Previously under the original legislation Land (Restrictions on Alienation) Act No. 38 of 2014, the transfer of title of any land situated in Sri Lanka was prohibited if such transfer is (a) to a foreigner; or (b) to a company incorporated in Sri Lanka under the Companies Act, where any foreign shareholding in such company, either direct or indirect, is 50% or above; or (c) to a foreign company.
However this Act was amended via the Land (Restrictions on Alienation) (Amendment) Act No. 21 of 2018, enabling foreign entities to purchase freehold land in Sri Lanka if the entity is listed on the CSE. Therefore, the restriction of 49% foreign shareholding on listed companies if the listed companies hold freehold land has been removed. The new Act comes into effect retrospectively from 1 April 2018.
The Amendment had been recommended by the capital markets as well as the real estate industry as previous legislation imposed a barrier to draw higher foreign investments and constrained companies which had over 49% foreign holding.
The Amendment was also long due as it was proposed in the 2017 Budget of the Unity Government. When contacted, Colombo Stock Exchange (CSE) Chairman Ray Abeywardena hailed the move.
“Obviously this is significant for the CSE as it will hopefully increase the market cap of the CSE and liquidity of the exchange and companies within,” Abeywardena emphasised.
“The move is great for FDI and a real boost for Sri Lanka as almost all businesses have some form of real estate activity,” added real estate specialists Steradian Capital Co-Founder Hardy Jamaldeen.
Ideally, if Sri Lanka is keen to draw higher foreign investments for every economic or business sector, those in best-in-class globally must be encouraged to take controlling stakes. This cannot be done at present because most of the listed companies have land and property under them, and under the Land (Restrictions on Alienation) Act of 2013 there are prohibitions on transfer of land for a company with foreign shareholding direct or indirectly at 50% or above.
“This 49% foreign ownership limit discourages foreign investors who are looking to buy controlling stake in a listed entity,” said Hardy Jamaldeen.
“The previous ambiguity was a big concern and discouraged real higher foreign investment not only in real estate but in other economic sectors too,” he added.

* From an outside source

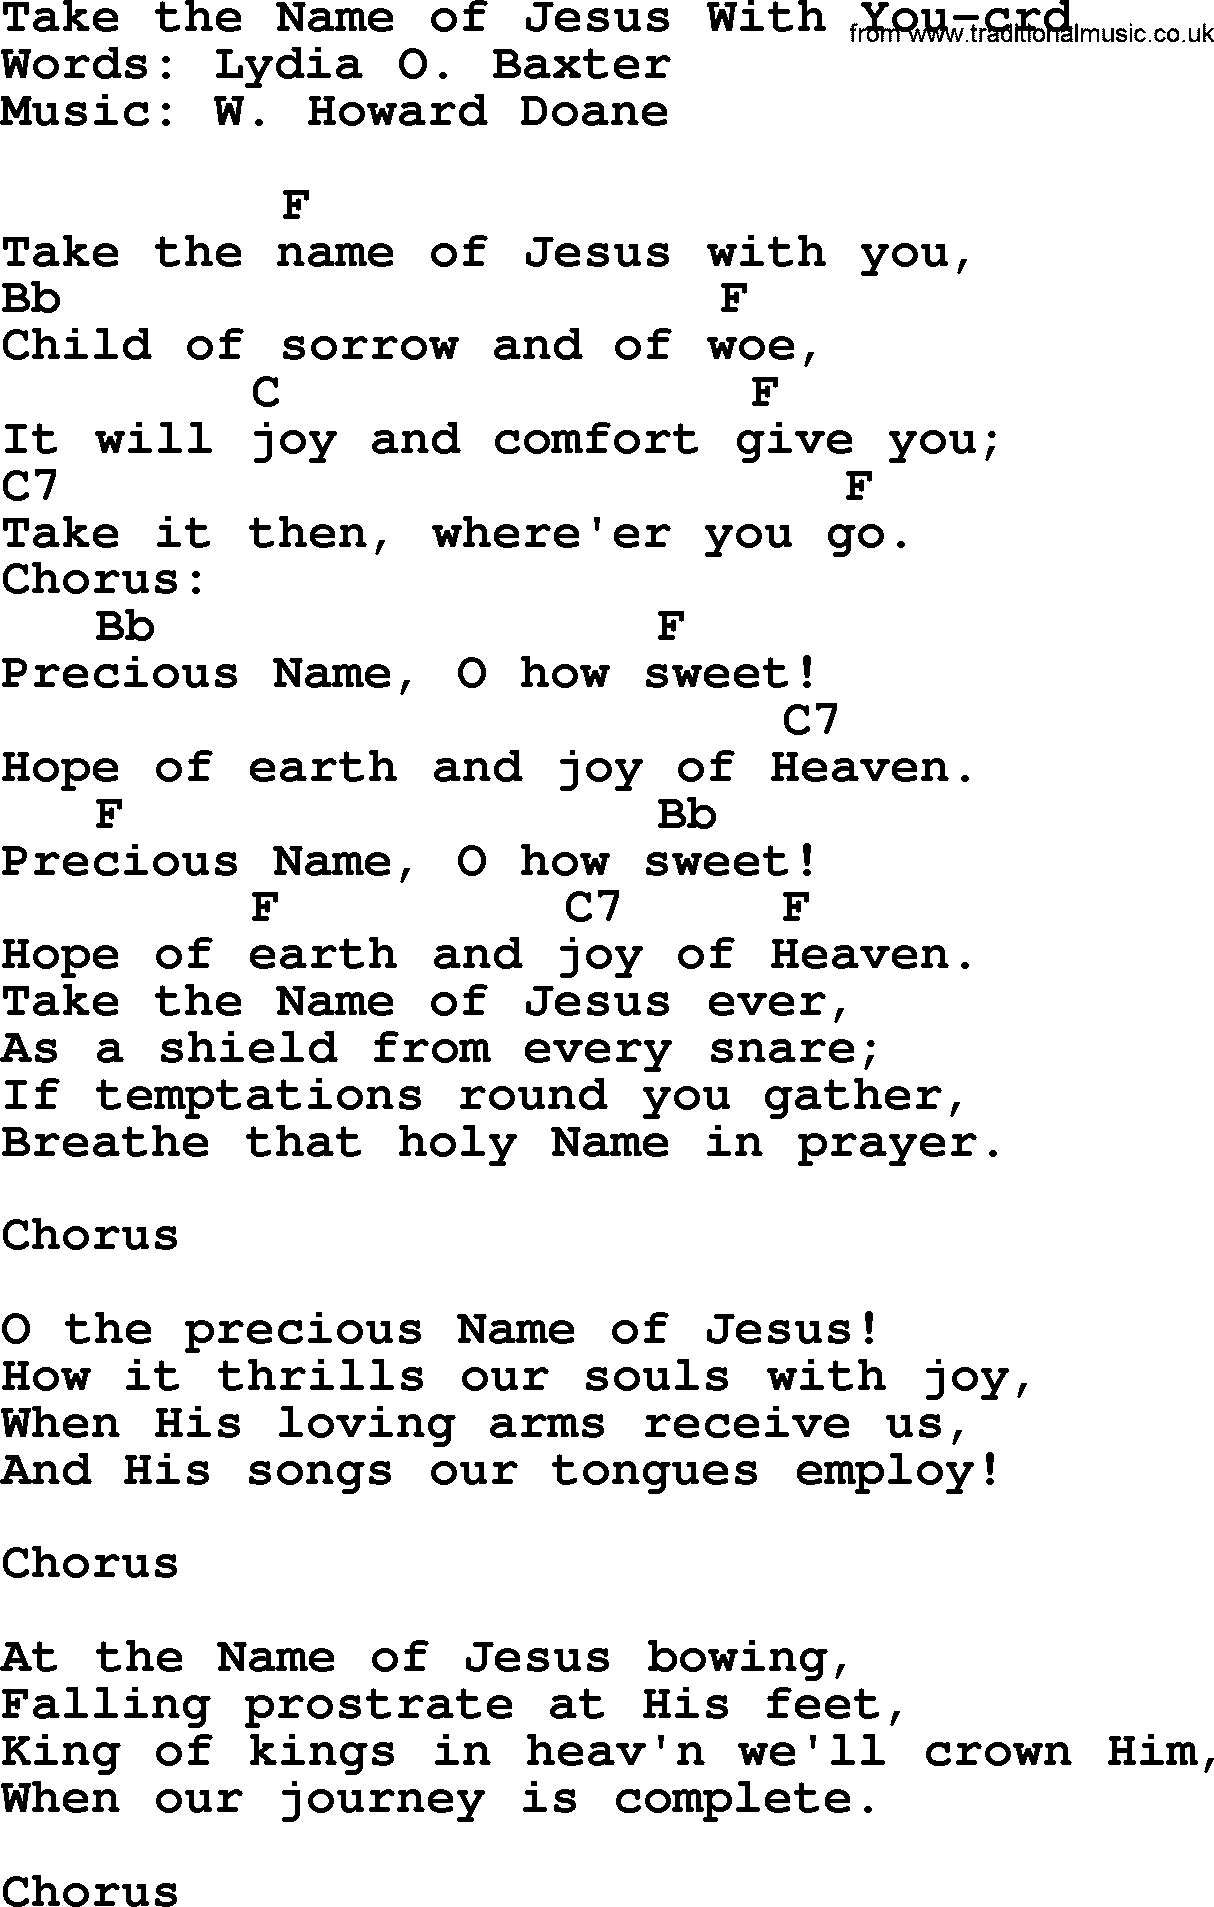 Top 500 Hymn: Take The Name Of Jesus With You, lyrics and chords

Both Jamaldeen and Abeywardena expressed the confidence that the amendment will spur FIIs to play a more active role in CSE than a passive one and help boost market capitalisation.
Jamaldeen explained that as most listed entities own freehold land, this law was a barrier for active foreign investors looking to buy over majority stakes in Sri Lankan listed companies.
“Due to this fact, most foreign buying in the market has been passive stakes which have been led by funds looking for geographical diversification.Best-in-class investors and companies which would like to acquire an existing listed business and transfer technical competence and capital to access the region have had no possibility in the past. This amendment really opens up many possibilities,” Jamaldeen added.
Abeywardena said the Amendment will also boost FDIs into Sri Lanka, especially the $ 15 billion envisaged via the Port City development, and help the Government to secure successful foreign institutional investors to planned divestiture of non-strategic commercial entities such as Hilton and Hyatt via the CSE.
At present, foreign participation at the CSE is around 45% whereas in good times it had been over 60%. So far this year the market had suffered a net foreign outflow of around Rs. 4.6 billion. Foreign holding of listed shares is around 24% as at end July, and their value is Rs. 760 billion down from Rs. 827 billion a year ago.